Other Administrators
The other administrator category includes such position titles (designated by ISBE) as Special Education Director, Dean of Students Admin (admin endorsement held), Head of Gen Ed (Depart chair admin endorsement held), and Chief School Business Official but not anyone listed as a superintendent or principal.
Statewide in 2020 (Table 5), districts reported an average salary of $129,530 for 1,704 other administrators. One year later, in 2021, the data show an average salary of $131,059 for the 1,791 persons in this category, an increase of 1.2% from 2020 to 2021.
Regionally
By popular demand, we continue to offer data by region of Illinois (Tables 2, 4, and 6). These regions were established in the early days of this ongoing series and we maintain them for consistency. As was the case last year, the Northeast Region is an outlier, both in reported numbers of administrators and their salaries. Of the 10 school districts that educate the most students, only one, Rockford CUSD 205, is not in the Northeast.
Of the 7,914 administrators counted in this study, 4,799 (61%) are in the Northeast. Cook County has 147 school districts, Lake County has 45, and DuPage County has 43. These numbers are approximate because some school districts are in more than one country. The average and median salaries in all categories are the highest by far. The Northeast’s nearest statistical companion is the Northwest. Even so, the average superintendent salary in the Northwest, $173,296, is 70% of that in the Northeast and much closer to the third highest of $167,364 in the East Central. This east-west alignment with salaries continues north to south: The numbers from West Central and East Central reflect similar salaries to each other, as do Southwest and Southeast. The Southeast Region is typically the site of the state’s lowest average administrator salaries. A trend we noticed last time continues: The Southeast continues to draw closer to the mean and median. For example, the median district superintendent salary in the Southeast was $130,274 in 2020, which was 71% of the state’s $181,723. In 2021, the Southeast median district superintendent salary increased to 76% of the statewide median.
Comparing the Northeast within itself, and using comparisons between the other five regions, would sensibly reflect administrator salary expectations in Illinois.
About the Series
Since 1997, IASB, working with researchers in the field of educational leadership, has published a report on the salaries of Illinois school administrators. Early data for the study was obtained through surveys with un-audited information, with relatively low rates of return.

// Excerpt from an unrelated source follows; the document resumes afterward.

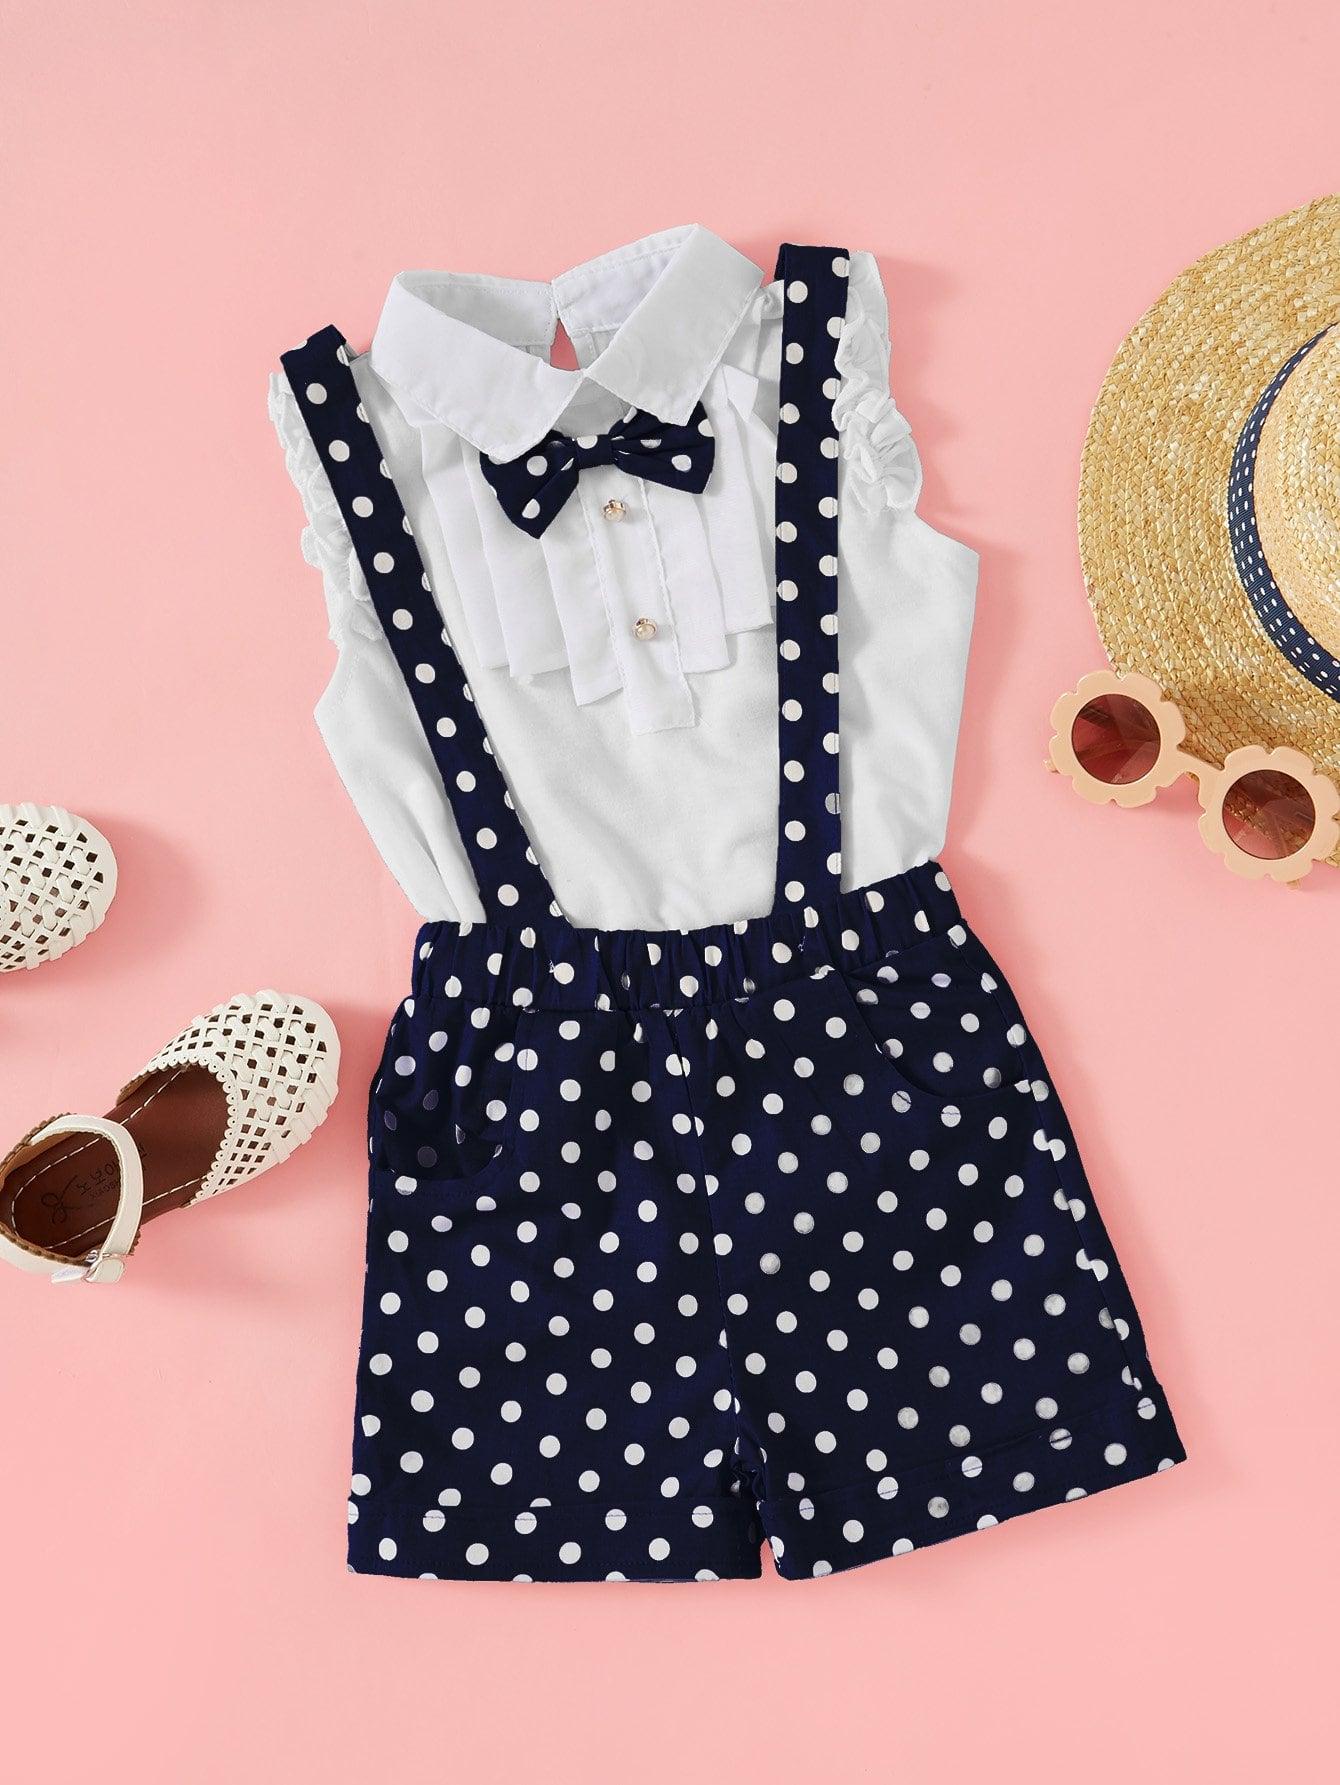 Небольшие точки Контрастные кружева Синий Комплекты одежды для девочек из 2 вещей от SheIn
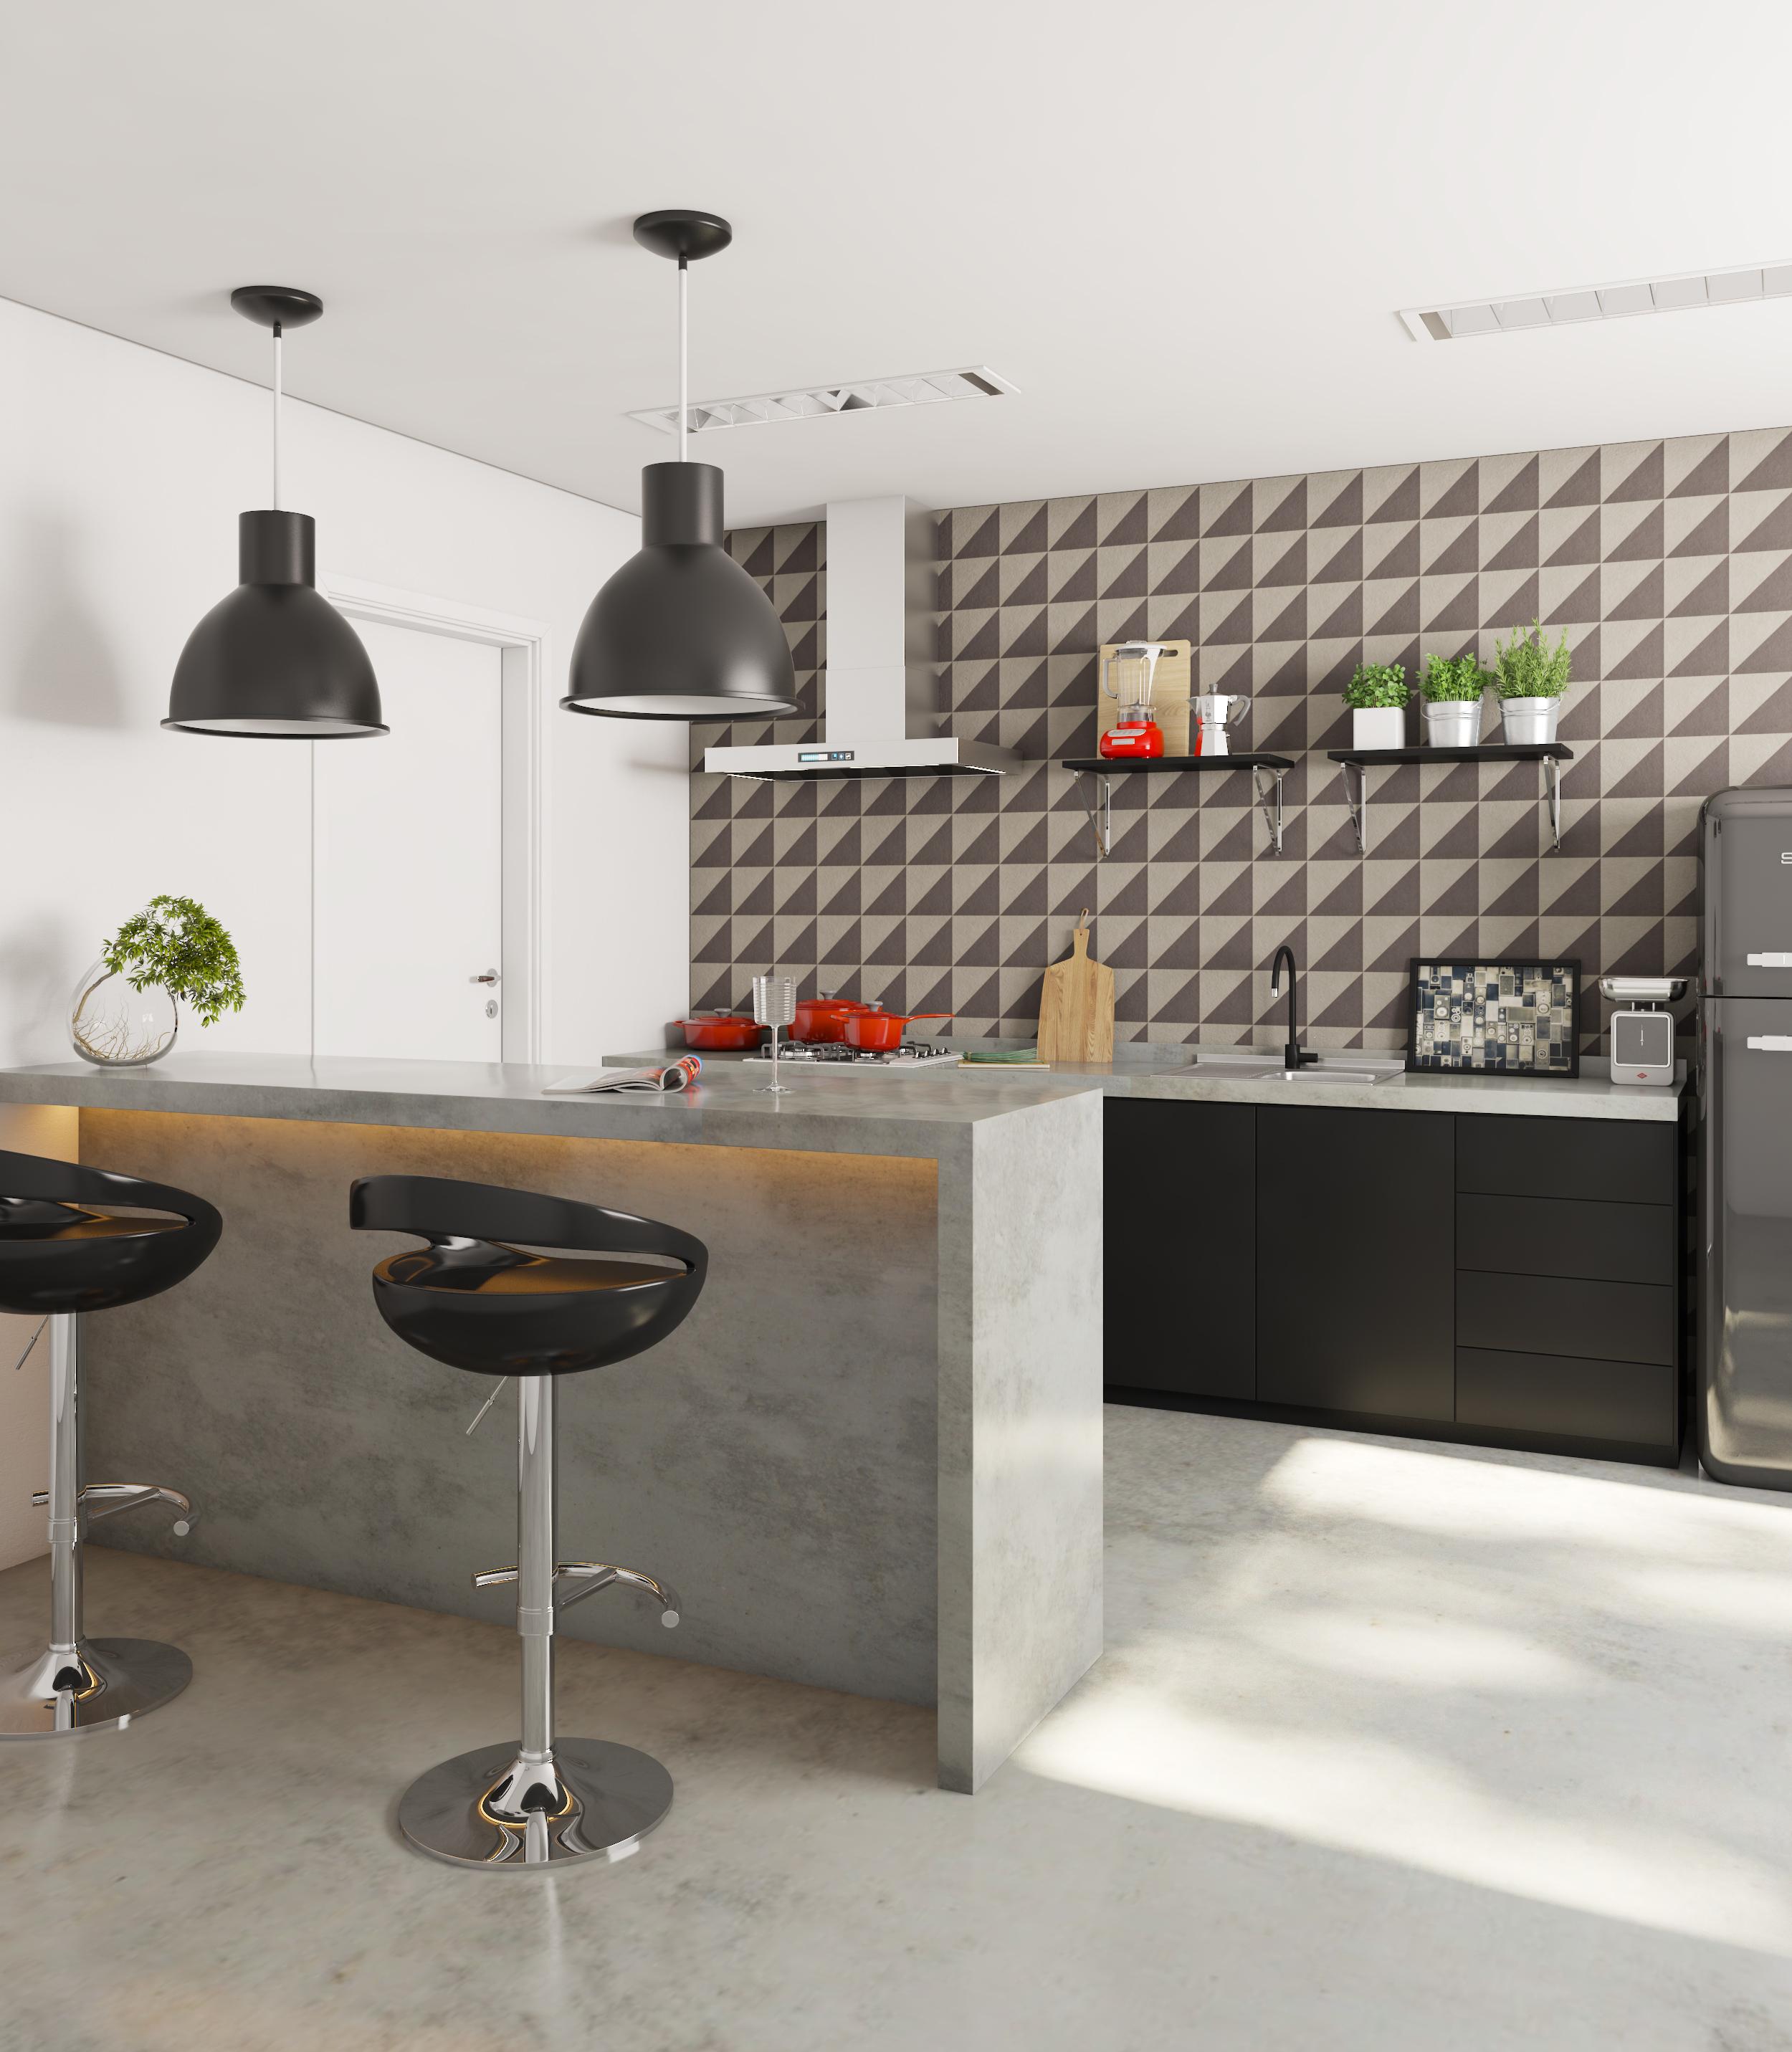 Cozinha Grande Com Detalhe Preto E Branco Leroy Merlin

In 2009, Public Act 96-0434 required Illinois school districts to report administrator and teacher salary information to ISBE. The Illinois School Code was amended in 2011 to reflect changes in the reporting dates. The data were briefly unavailable during the transition, and the series was paused for a few years.
With reporting standards in place and the data being made available to researchers, IASB’s “annual” study of administrator salaries was revived in 2014 and 2015 with a catch-all and catch-up from the missing years, followed by a normal annual analysis. The series paused again in 2020 as the coronavirus pandemic upended data retrieval and series publishing. It also concluded the ability of our longtime collaborators at Western Illinois University to participate. We are grateful for their work over the years to keep the series going. The installment in January of 2022 and this one, published in January 2023, adhere to their standards for identifying trends, reportage, and analysis as faithfully as possible.